ZMom: I can't believe it. Someone else walked out on a date by going to the restroom! I did that in the 10th grade at a drive-in movie. I had accepted a blind date on recommendation of my BEST friend (grrr). He was just a huge turn-off in every way, but most especially because I caught him picking his nose!!!!!!! I just wanted to run right then and there. So, almost as soon as we got parked, I excused myself to go to the Ladies Room. I went in one door at the Concession area and walked out the other. Then I began what would have been a 5-mile walk home in the dark, but . . . I got picked up by a cop for walking on the wrong side of the road on a major highway. After a major lecture (safety on various fronts), he dropped me off a half block (no closer, at my insistence) from home.

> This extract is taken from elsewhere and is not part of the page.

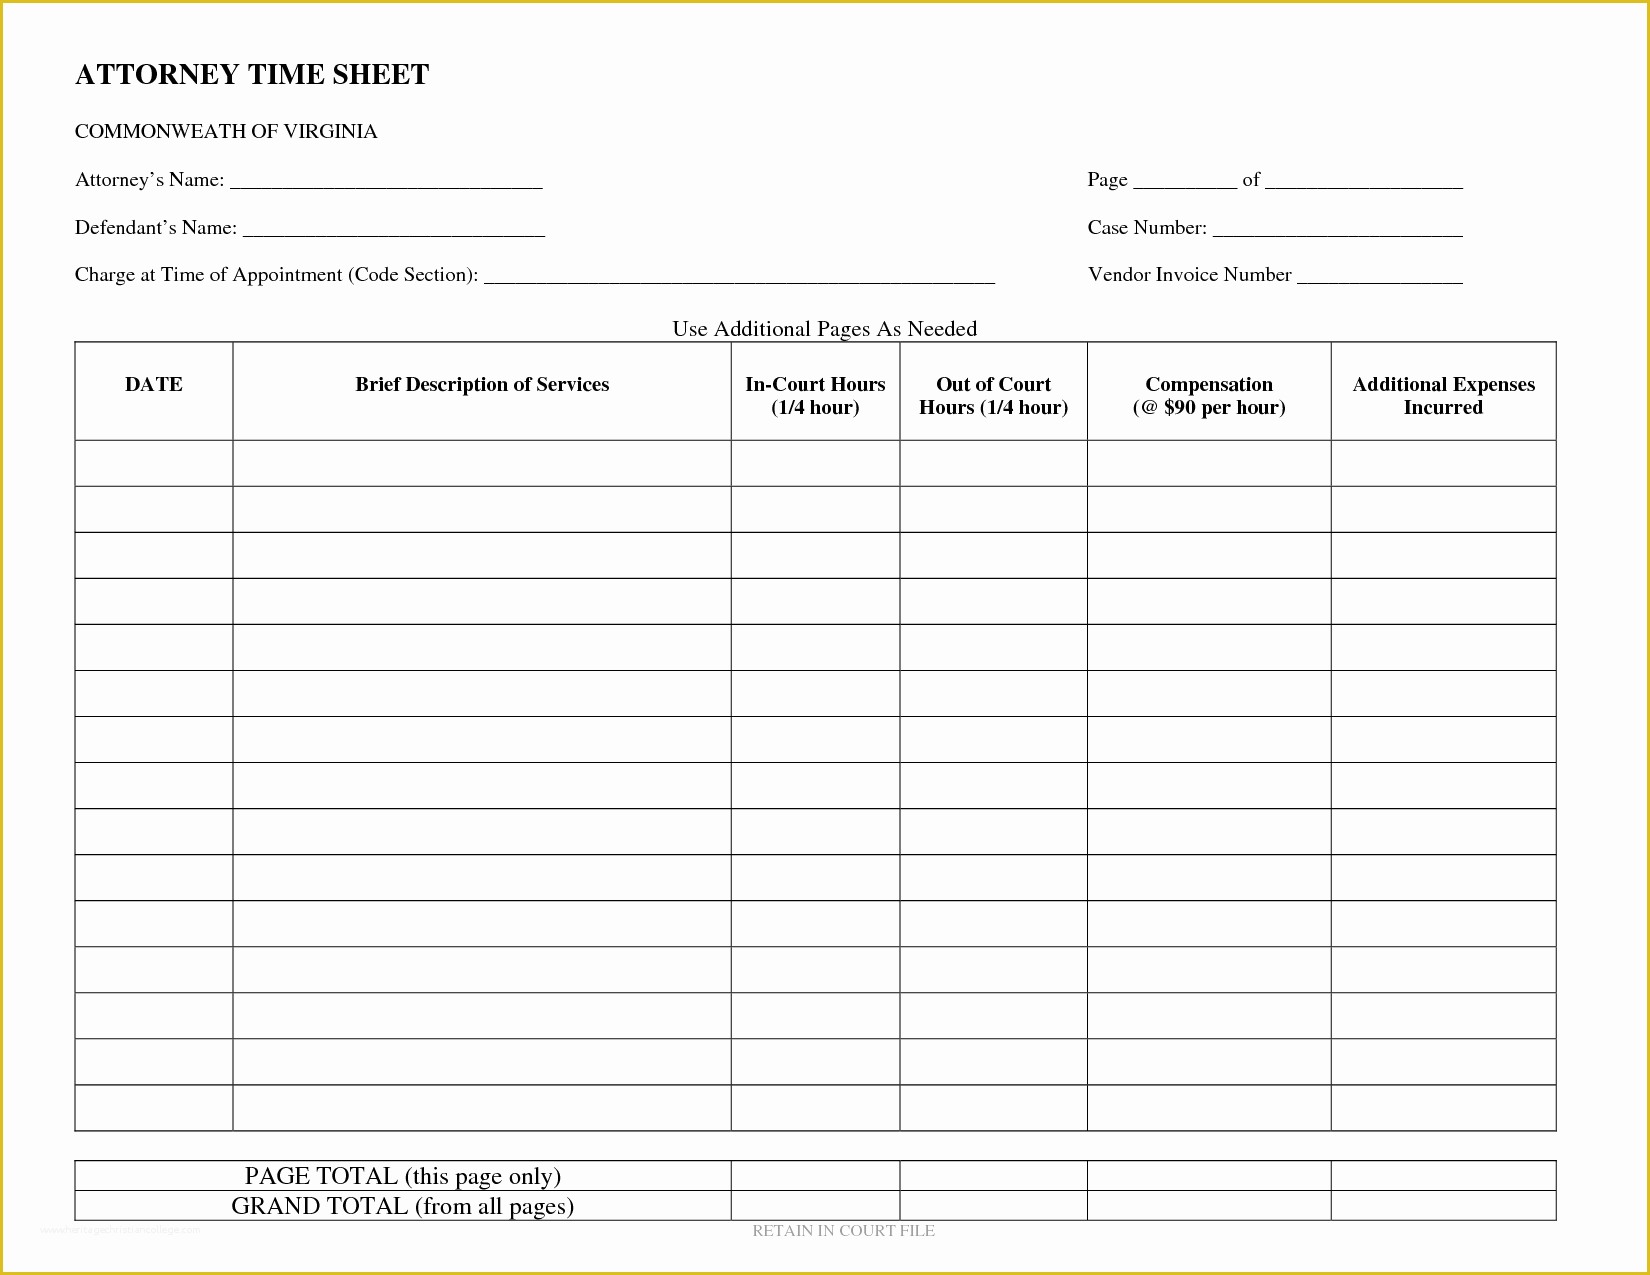 Attorney Timesheet Template Free Of Best S Of Timesheet forms In Word Time Sheets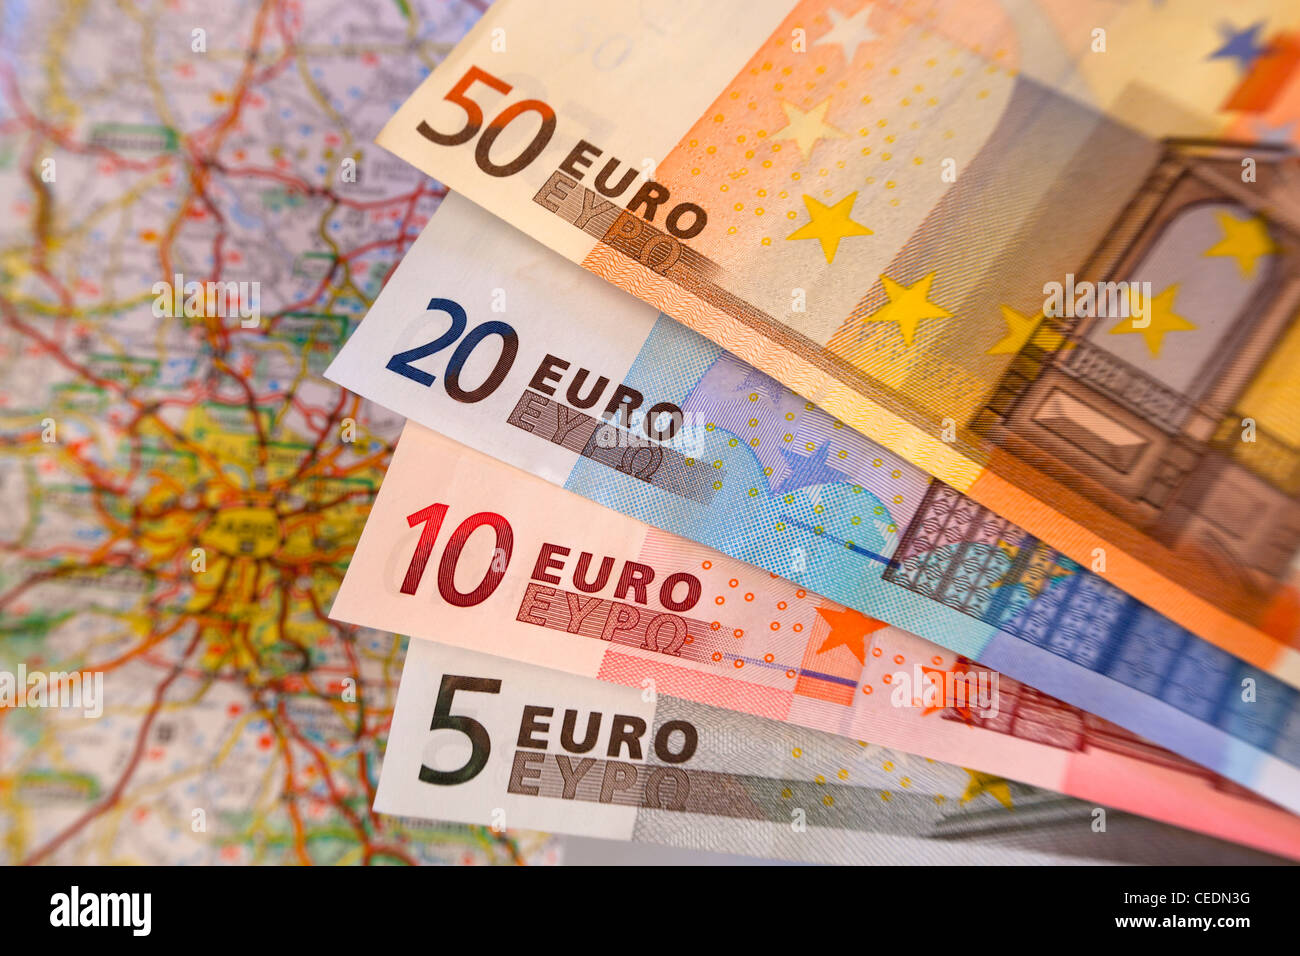 Fan of different size Euro notes currency with map in background Stock Photo

Ddr: #2 Reminds me of some of the people I always sit next to at the movies!

Herckleperckle

Sunday, December 14, 2003 - 12:09 pm EditMoveDeleteIP
And, last but not least, Karuuna: All I have to say is:






That one takes the cake!!!!!

Adven

Sunday, December 14, 2003 - 02:30 pm EditMoveDeleteIP
Thanks, HP.

I'm with Mocha. That blade of grass date is a riot. I wish I'd been a fly on the wall. Zmom getting bitten by a dog, Lori's KY story and Ddr's date singing in her ear for an entire concert are also classics. I don't know why, but I have weakness for the perverse. Go figure.

Herckleperckle

Sunday, December 14, 2003 - 07:08 pm EditMoveDeleteIP
Adven: Entertained by a psych guy. Who would have thunk it?!

Karuuna

Sunday, December 14, 2003 - 07:44 pm EditMoveDeleteIP
Would this be a bad time to mention that a fella I dated for 3 months last year read my Email (when I wasn't home), yelled at me in public (one time, and then he was history), accused me of having an online affair with a fellow TVCHer (sorry, complete fabrication), and after I dumped him filed a lawsuit against me? That kind of qualifies as a very very long bad date, doesn't it?

Herckleperckle

Sunday, December 14, 2003 - 08:47 pm EditMoveDeleteIP
Karuuna, sure hope he and the other guy are confined somewhere!!! (HP decides not to drink the water in CO!)

Juju2bigdog

Sunday, December 14, 2003 - 11:34 pm EditMoveDeleteIP
Uhhhhh, I think that was the other guy Tess and I TOLD her to dump ASAP! And we didn't even know all of that.